Data interpretation and signal detection become more and more important with the growing amount of data. Bruno: “Besides multivariable analysis, propensity scores are gaining traction in scientific publications the last years. Propensity scores can be useful, for example when analysing multiple clinical endpoints, or when confounding factors are present that are hard to categorize. However, I think multivariable statistical techniques are always preferable if possible. In my opinion, propensity scores can be hard to fathom and are easily misinterpreted. The amount of factors that are taken into account can get very large and the relevance of the individual factors for the chosen clinical endpoints might differ enormously.”

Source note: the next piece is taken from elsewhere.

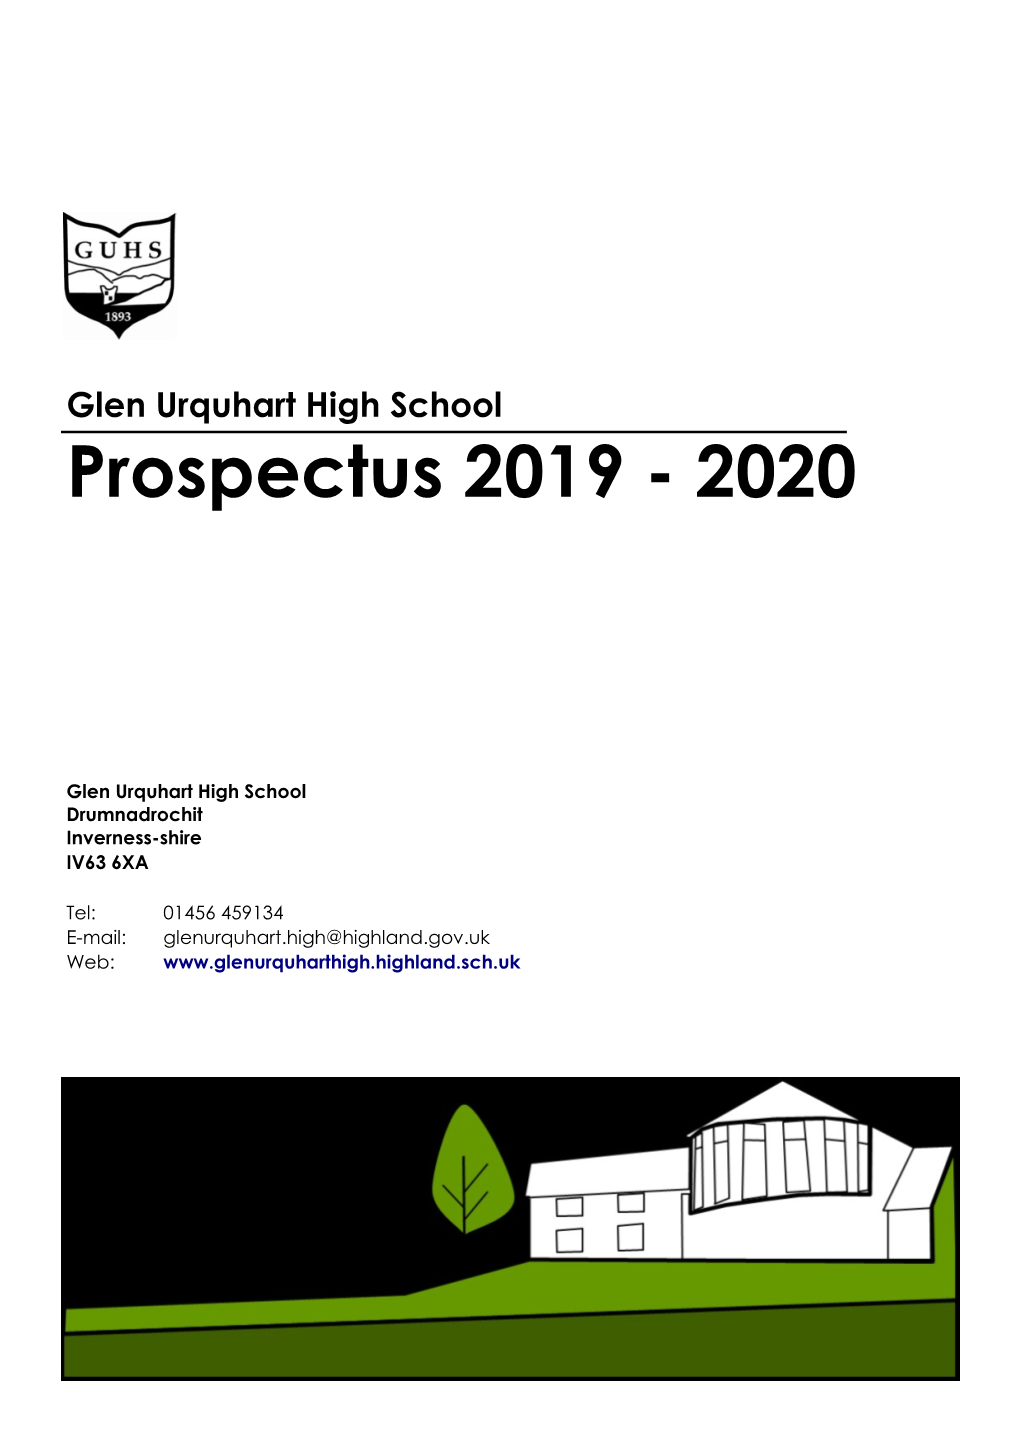 Glen Urquhart High School Prospectus 2019 - 2020
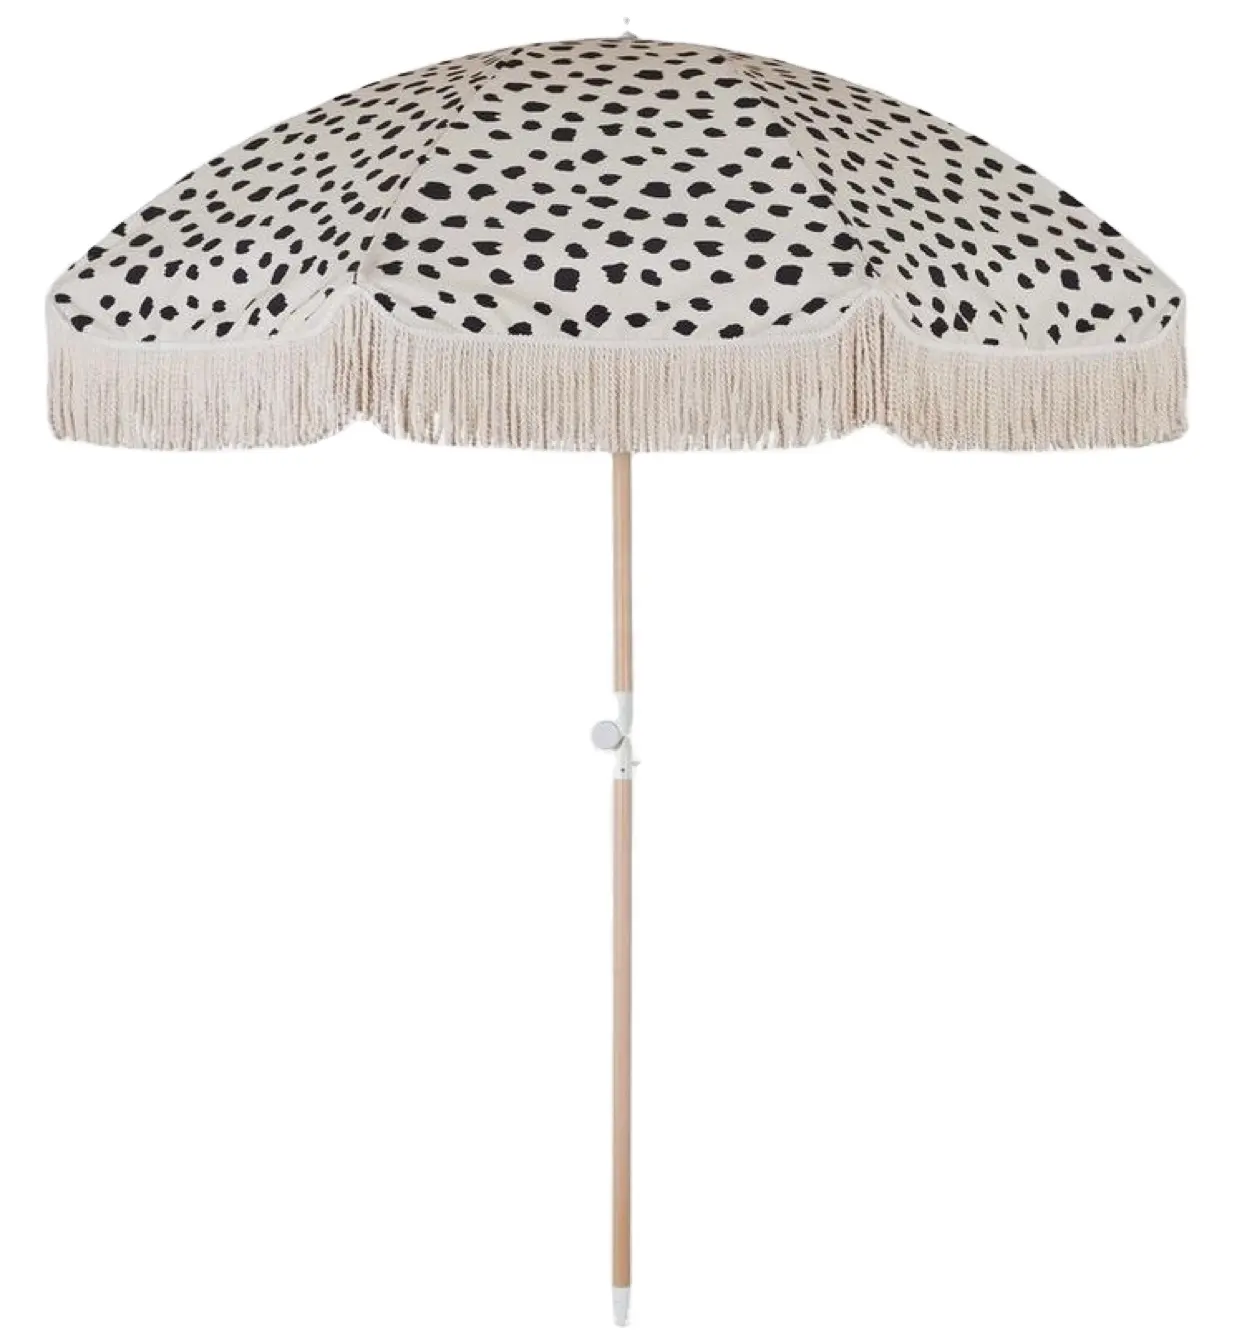 ビーチはアメリカで低木の木製の太陽の傘を作りました、木製のコラムの椅子が付いているビーチの傘

“Always keep in mind what the real risk factors are, and don’t go for a score that’s based on what’s available”, Bruno argues. “Many administrative, but marginally relevant determinants may be present, but really relevant confounders, like body-mass index, smoking habits et cetera, might not be available. Propensity scores should only be used in factors which can’t be directly adjusted for.” Another important aspect Bruno stresses, is never to forget the original raw data. “In large databases of information, queries might lead to outcomes that aren’t always realistic. When in doubt, always look at the original medical records. You might come across much more plausible causes or explanations than any statistical score might tell you.”
Large data pools are a luxury, but at the same time, the luxury problem of big data is the huge sample size pooled databases have. Bruno: “The narrower the confidence interval CI gets, the sooner a signal seems significant. Validity of data is key there. One of the biggest fallacies in epidemiology is that in a large dataset problems will smooth out themselves. That is wrong: what is invalid data, remains invalid data.”
“Methods, regulations and resources in the area of pharmacovigilance have progressed enormously over the past several decades. Our abilities to detect signals and to analyse hypotheses have also improved, but we should be very cautious. Caution in how big data is analysed and interpreted, and how we communicate this information in society. The more information we have available, the bigger dangers seem to become in perception of people. Second to that, the interpretation of data is strongly dependent of the validity of the (pooled) data. That’s where our challenges are the coming years: lots of data, pooled data in a complex environment, will ask for very careful and accurate analysis and communication.”
Prof. dr. Bruno Stricker
After studying medicine in Leiden, he conducted his PhD research at Erasmus University in Rotterdam on drug-induced hepatic injury. He has over forty years of experience in pharmacovigilance related research and he headed the national center for pharmacovigilance for twenty years. In 2001 he became professor of Pharmaco Epidemiology at Erasmus University in Rotterdam. He also works at the Dutch Health and Youth Care Inspectorate as a coordinating inspector pharmacovigilance, and he advises both the MEB and the EMA in the area of pharmaco-epidemiology.